__Task to complete__. Reproduce exactly the lines from the one containing "Muvi vs Uscreen" through the end of the listing, minus the pictures.

__Information shown__.

• • • • •

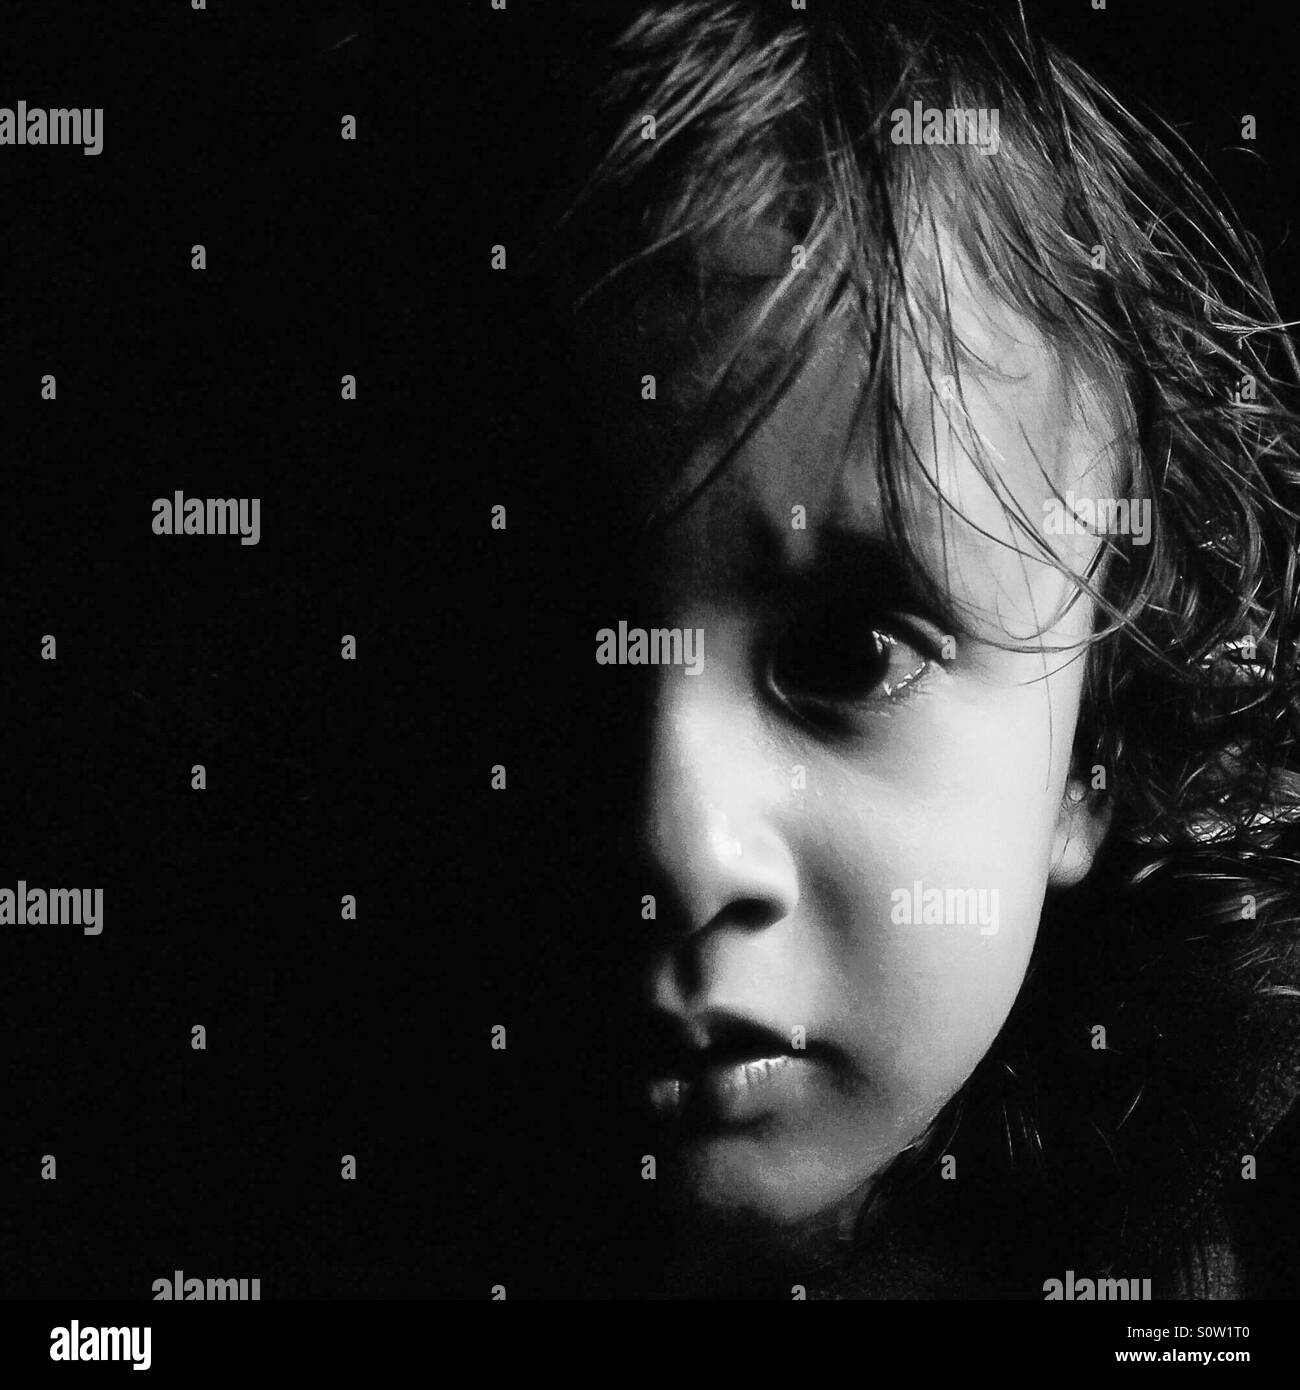 Save Childhood - Stock Image
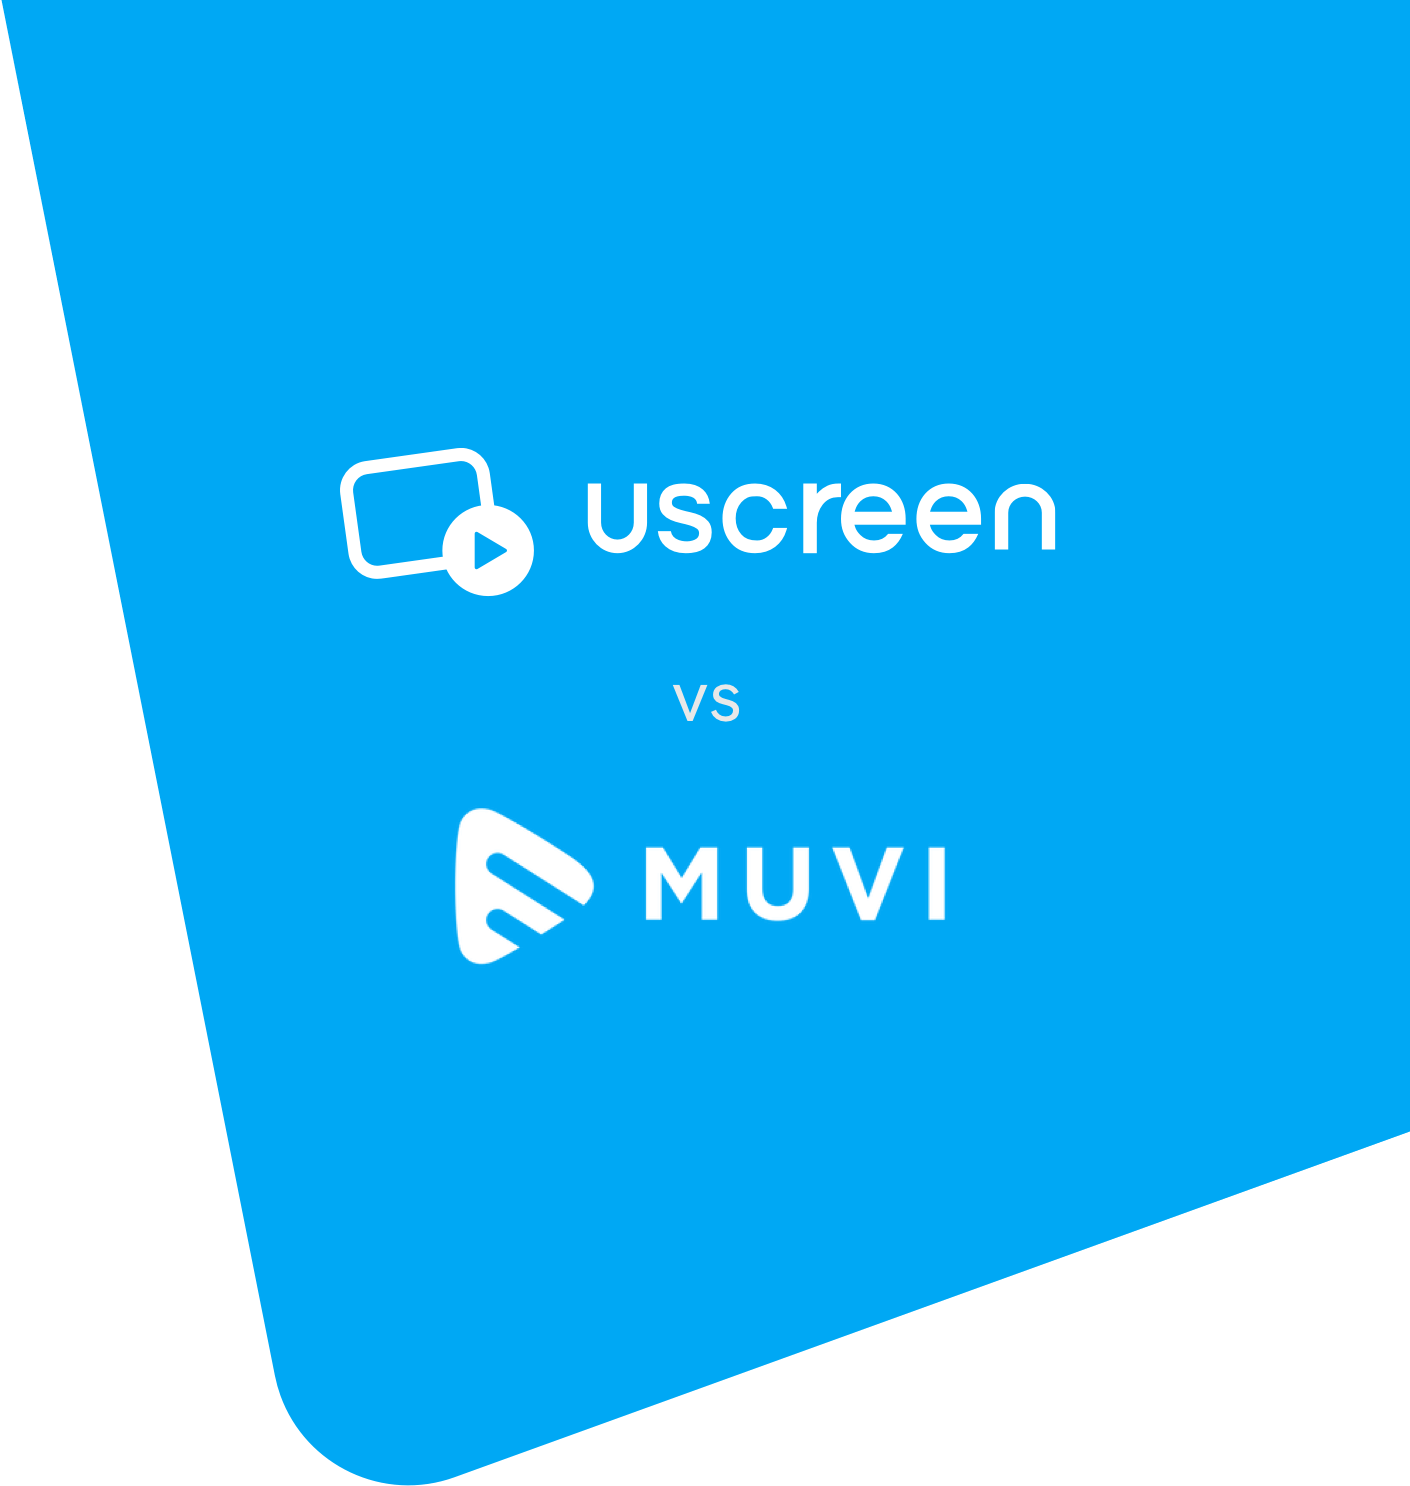 Muvi vs Uscreen
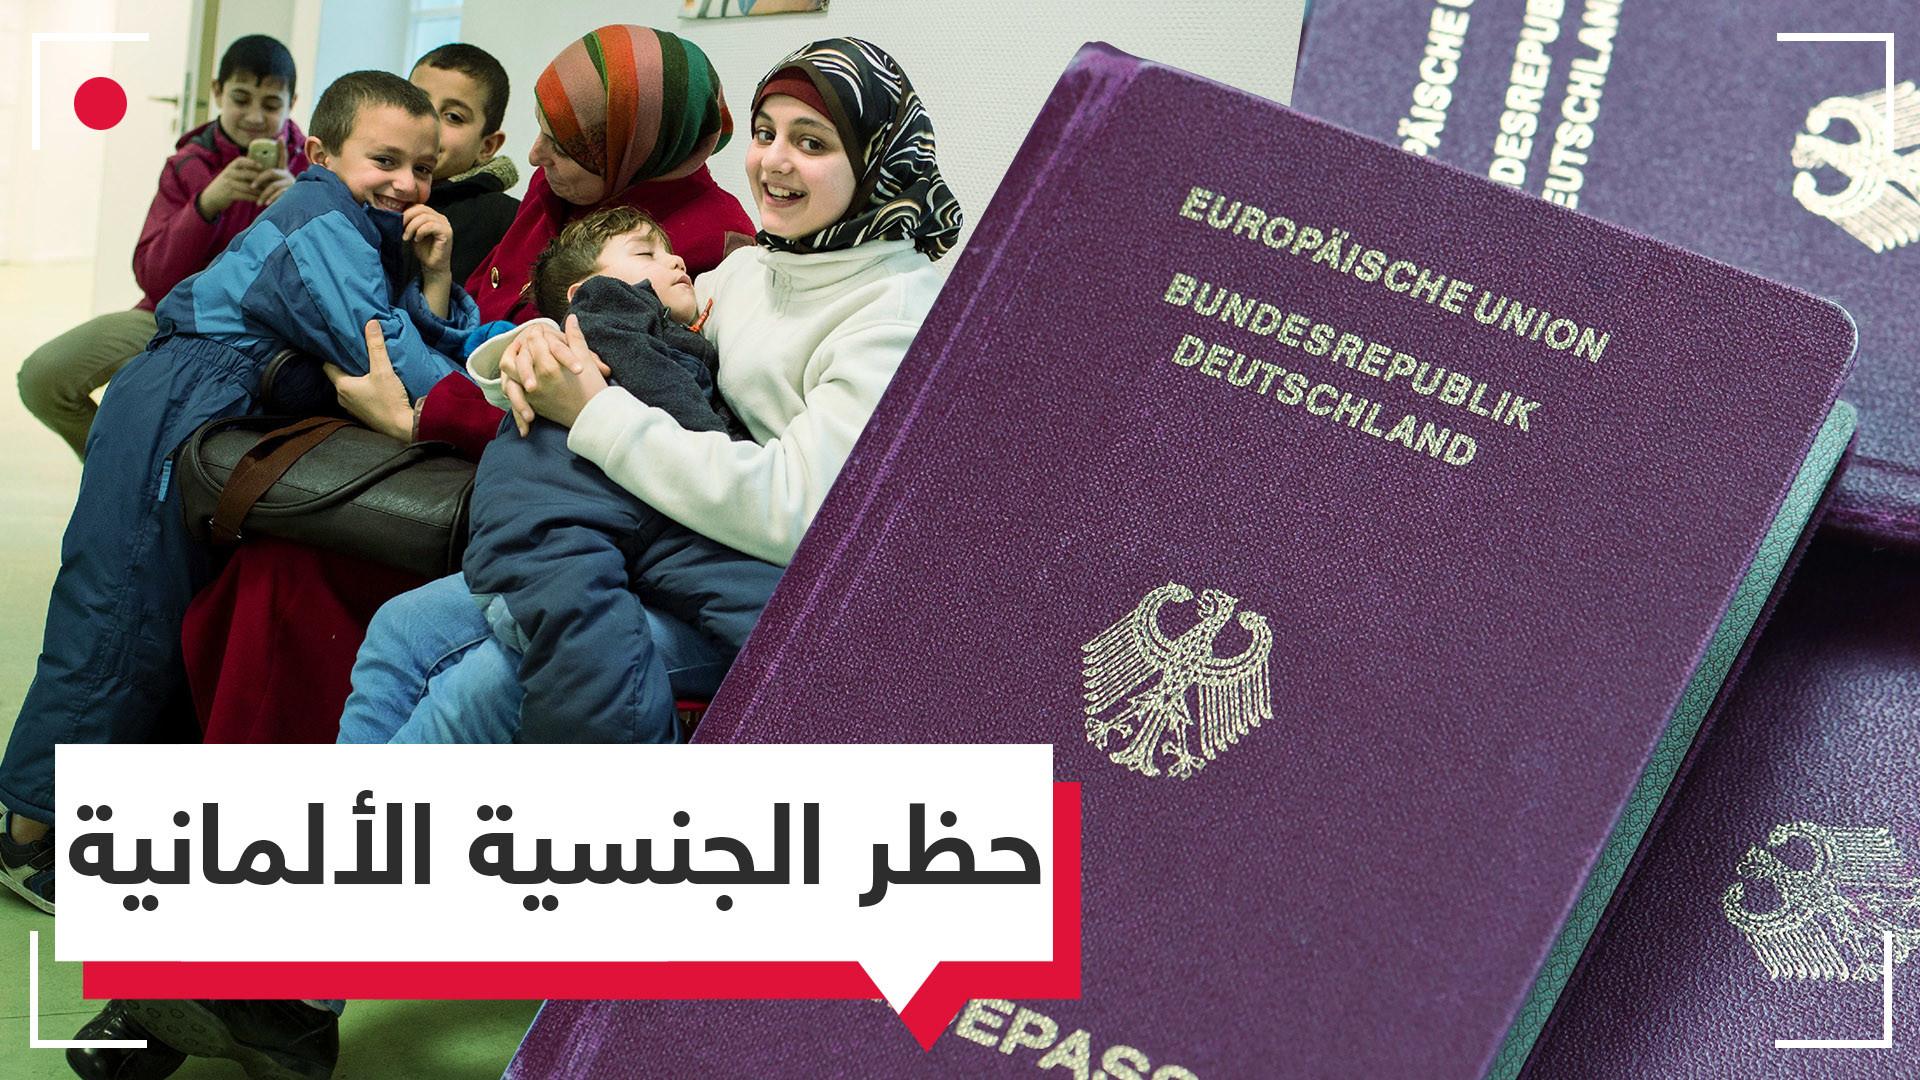 تعدد الزوجات سبب لحظر الجنسية الألمانية طبقا لمخطط وزير الداخلية

• • • • •

__Exercise response__.
 Muvi vs Uscreen
 تعدد الزوجات سبب لحظر الجنسية الألمانية طبقا لمخطط وزير الداخلية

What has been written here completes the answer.